UCUM and CDISC Codelists

 

Unified Code for Units of Measure (UCUM) was developed by Regenstrief Institute and the UCUM Organization as an unambiguous system of units and their combinations. UCUM is intended to include all units of measure currently used internationally in science, engineering and business and has been adopted internationally by  IEEEDICOMLOINC, and HL7, and is also in the ISO 11240:2012 standard.

Nomenclature Versus Codelists

To understand why CDISC uses code lists rather than a nomenclature like UCUM, you need to understand the difference between a nomenclature and a codelist.

  • A nomenclature is a system for expressing concepts in a content area (for UCUM, this content area is units of measure). The nomenclature defines the building blocks (UCUM "atoms") for describing concepts and the rules for putting these building blocks together.  For example, "g" and "L" are symbols that mean "gram" and "liter" respectively, and these can be used in the expression "g/L".  One advantage of a nomenclature is that a computer can read a string of characters and determine whether that character string is a valid expression in the nomenclature as well as determine the meaning of valid expressions.

  • A codelist is, as the name implies, a list of codes (terms) with definitions of what they mean.  For example, "g/L" is a term in the CDISC "UNIT" codelist.  In the "UNIT" codelist, as in all CDISC codelists, each term has its own definition, as well as an NCI thesaurus code (often referred to as a C-code), a CDISC submission value, and synonyms.

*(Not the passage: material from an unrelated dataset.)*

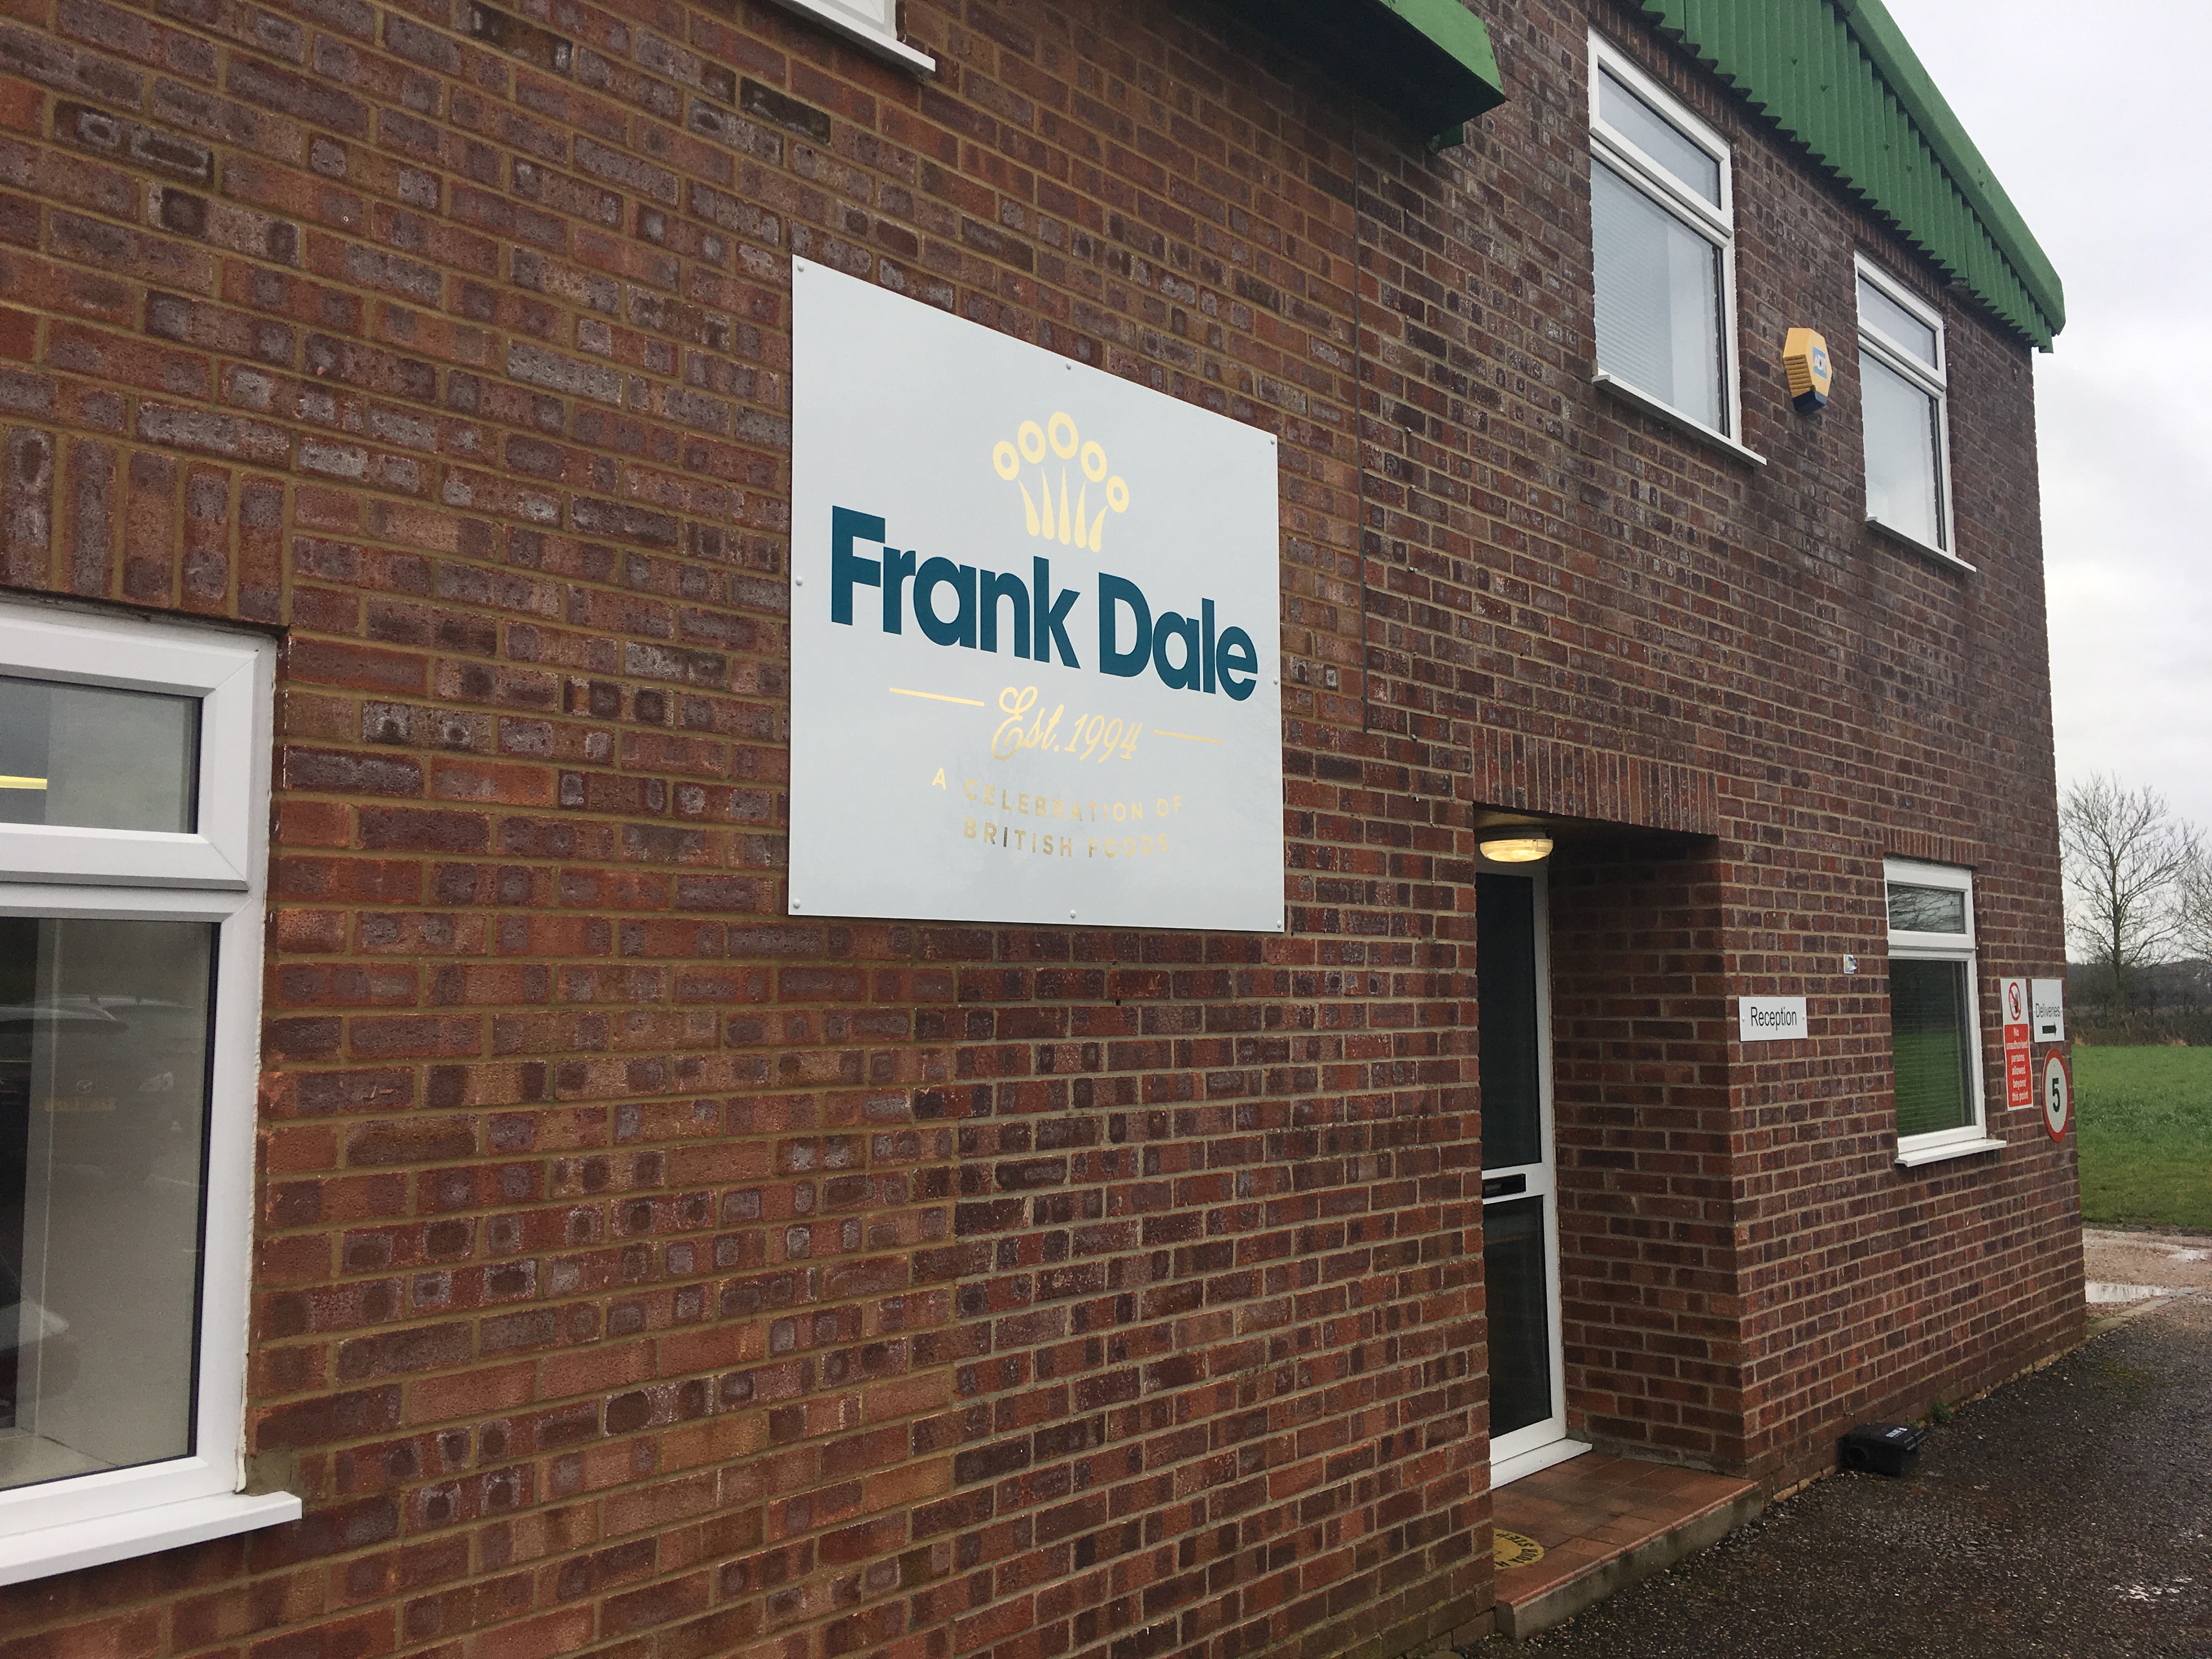 Frank Dale foods business premises

A string of characters that is a valid UCUM expression may not be present in the CDISC "UNIT" codelist for various reasons:

  • CDISC has not received a request for the concept represented by the expression.
  • Many unit expressions are mathematically synonymous, but the CDISC "UNIT" codelist includes only one of those synonymous expressions as a submission value.  For example, the CDISC "UNIT" codelist includes the submission value "g/L" but does not include synonyms such as "mg/kg" or "ug/uL", both of which are valid UCUM expressions.  This restriction to a single submission value is intended to make life easier for reviewers, so that they always see the same expression, and don't have to mentally translate between mathematically synonymous expressions.
  • To make UCUM expressions unambiguous and to deal with a variety of units outside the SI system, UCUM uses symbols which are unfamiliar to most lay users.  The CDISC codelist is intended for use by a broad audience and therefore uses expressions without these special and potentially confusing symbols.  For example:
    • Most non-SI units, such as the "imperial" units used in the US, are represented by character strings which includes suffixes and are enclosed in square brackets.  For example, the representation of "inch" is "[in_i]", where "_i" indicates the imperial system of measurement.
    • It is common to see, as part of the representation of a unit, text enclosed in curly brackets that UCUM considers annotations. For example, what is represented with a submission value of "ELISA unit/dose" in the CDISC "UNIT" codelist is represented as "[ELU]/{dose}" in UCUM.

Mapping between UCUM and CDISC codelist representations of units may be facilitated by the Unit-UCUM Code table.  This code table includes all CDISC unit of measure codelists along with UCUM representations for each unit.

The table below compares these unit code systems at a high-level. 

UCUM CDISC UNIT Codelists
Nomenclature for constructing machine-readable unit representations from a set of basic building blocks. A codelist of unit representations
Contains mathematically equivalent representations of a unit (e.g., g/l, mg/ml) Includes only one representation of each unit, (e.g. g/l, but not mg/ml)
Includes brackets for machine interpretation (e.g. "[in_1]" for "in", "{Capsule}" for "CAPSULE") Does not assume that systems are programmed to recognize unit synonyms.

Getting Started

 

Finding the CDISC Submission Value for a UCUM expression

This can be done manually, using the Unit-UCUM Codetable, by following these steps:

  1. Open the Unit-UCUM Codetable in Excel and enable editing.
  2. Choose the unit codelist you are interested in.  (There are seven codelists, the general Unit codelist, the Age Unit codelist, and five codelists for PK.)  Filter on the unit codelist you want.
  3. Open the "find" box (Ctrl-F)
  4. Type or copy the UCUM expression into the "Find what:" field
  5. Click "Find All".  There may be several results that include the text string you are searching for. Look for the result with an exact match.
  6. The UCUM match will be in one of the multiple "UCUM Expression" columns.  Find the value in the CDISC Submission Value column – this is the value you want.

For example, to find the CDISC Submission value for the UCUM expression "mm[Hg]" in the Unit codelist.

  • In the filter for the Codelist Name, select "Unit"
  • In the "Find and Replace" box, enter "mm[Hg]" and click "Find all". Several results which include "mm[Hg]" appear.

 

  • Select the occurrence which includes only "mm[Hg]".  This this will take you to the row with this content

 

  • The CDISC Submission Value is "mmHg"

This process could, of course, be automated.